The police escort bringing up the rear of the procession charged up the hill, taking many of the Ribbonmen prisoner and putting the rest to flight. A detachment of Orangemen also scaled the hill. Meanwhile, however, others in the Orange party took indiscriminate revenge on the Catholics in the neighbourhood. Several houses were burned, allegedly because their occupants had sniped at the procession. Four civilians were killed, including an elderly woman, the local "idiot", and a boy of about ten, who was shot while running across a field.

==Aftermath==
The uproar over the conflict led directly to parliament passing the Party Processions Act 1850, which prohibited open marching, organised parades and sectarian meetings. Actions such as using banners, emblems and flags constituted an offence, as did music "calculated or tend to provoke animosity". Violation of the act was classed as a misdemeanour. The act was reluctantly accepted by the Orangemen. However, Irish nationalists later felt restricted in their activities by it, and it was repealed in 1872.

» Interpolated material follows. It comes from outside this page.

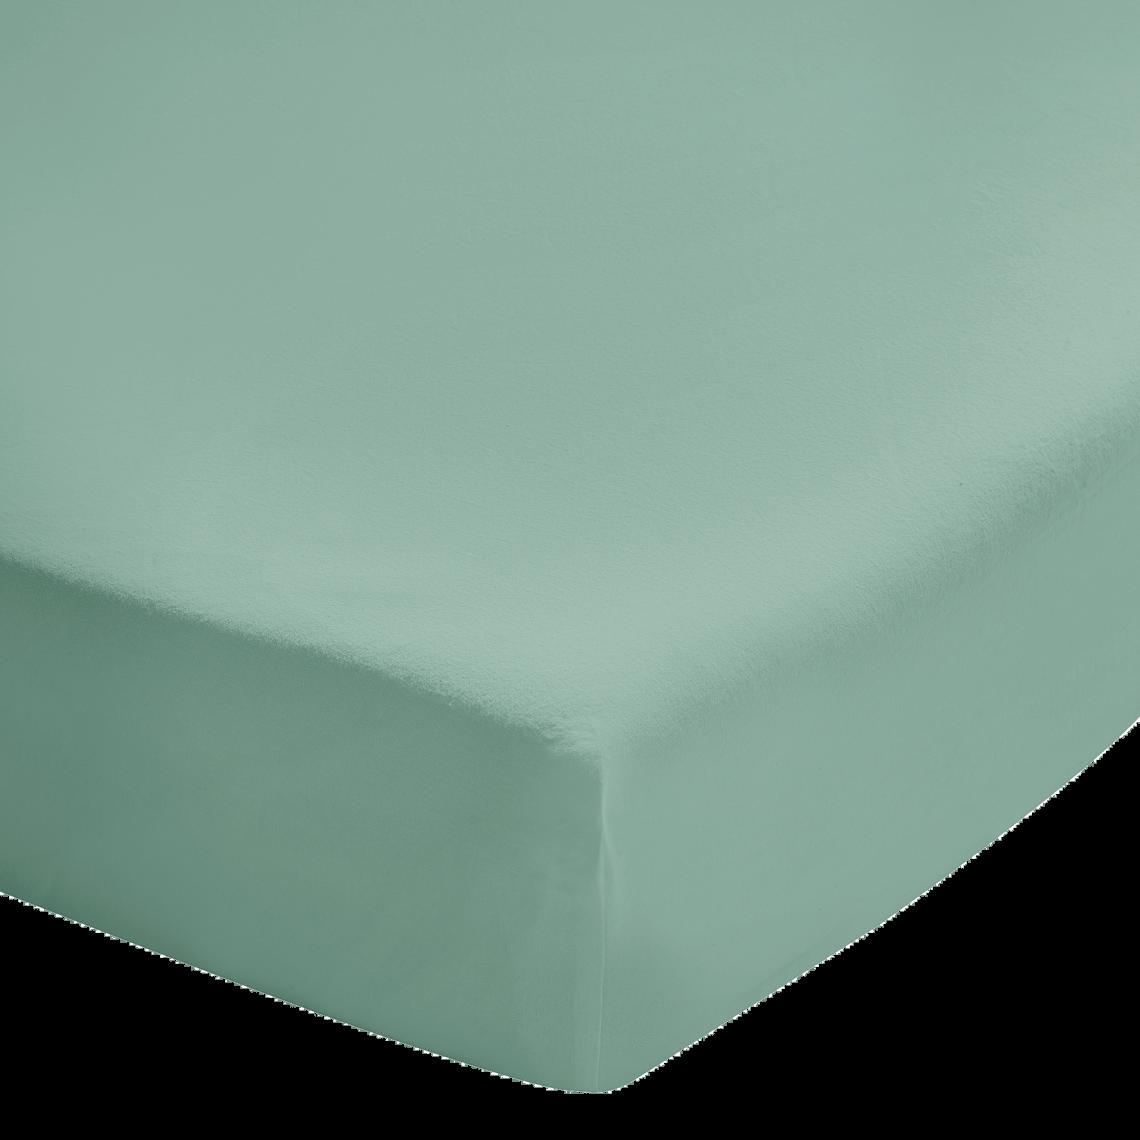 drap-housse-coton-lave--soft-line-vert-fumee-1230805-1_1140x1140
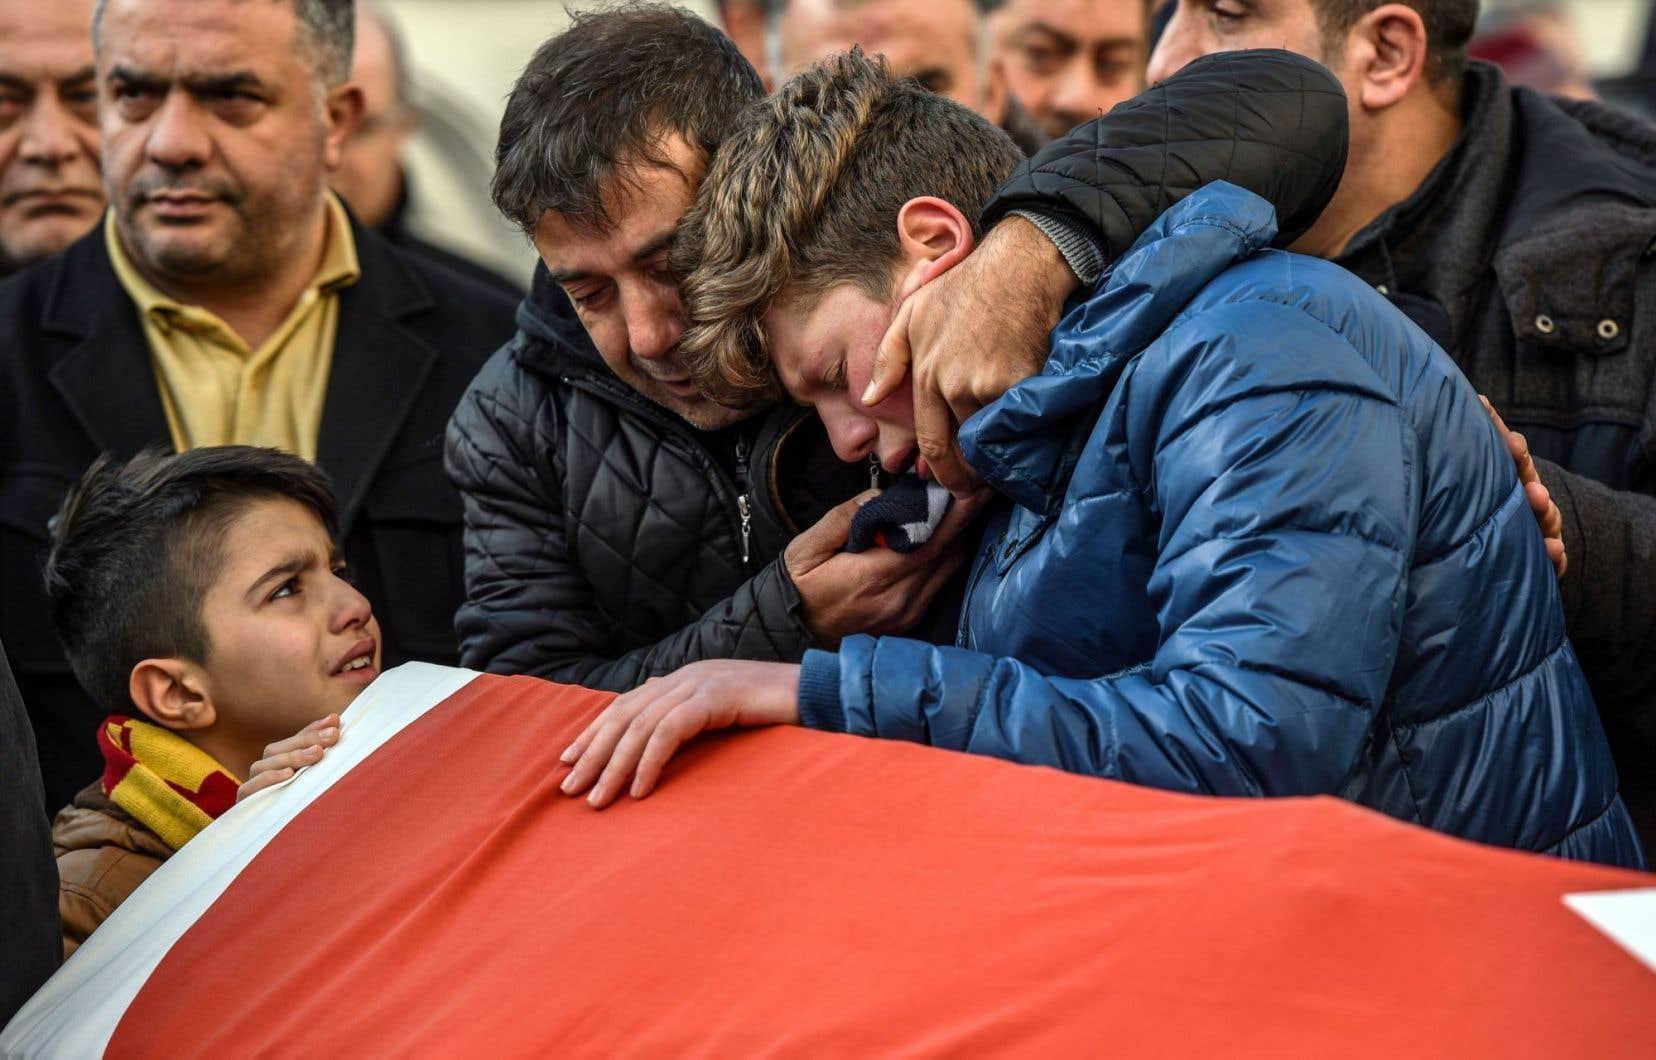 L'attentat au Reina marque un début 2017 sanglant pour la Turquie, déjà endeuillée en 2016 par les contrecoups d'une tentative de coup d'État et une vague d'attentats meurtriers liée aux djihadistes ou à la rébellion kurde.

As well as the act of Parliament, Roden and two other Orange magistrates were dismissed from the magistracy, following a report by Walter Berwick QC, which criticized their handling of the incident.

Despite these setbacks, the "Battle of Dolly's Brae" entered Ulster Protestant folklore. As Sean Farrell says, "the Rathfriland Orangemen had won back their honour, but only at a very high price". A song, still recorded to this day, was composed to commemorate what was considered to be a great victory against the Ribbonmen. Ulster Protestant soldiers serving in the British Army at the Somme are said to have shouted "Remember Dolly's Brae" as they went into battle.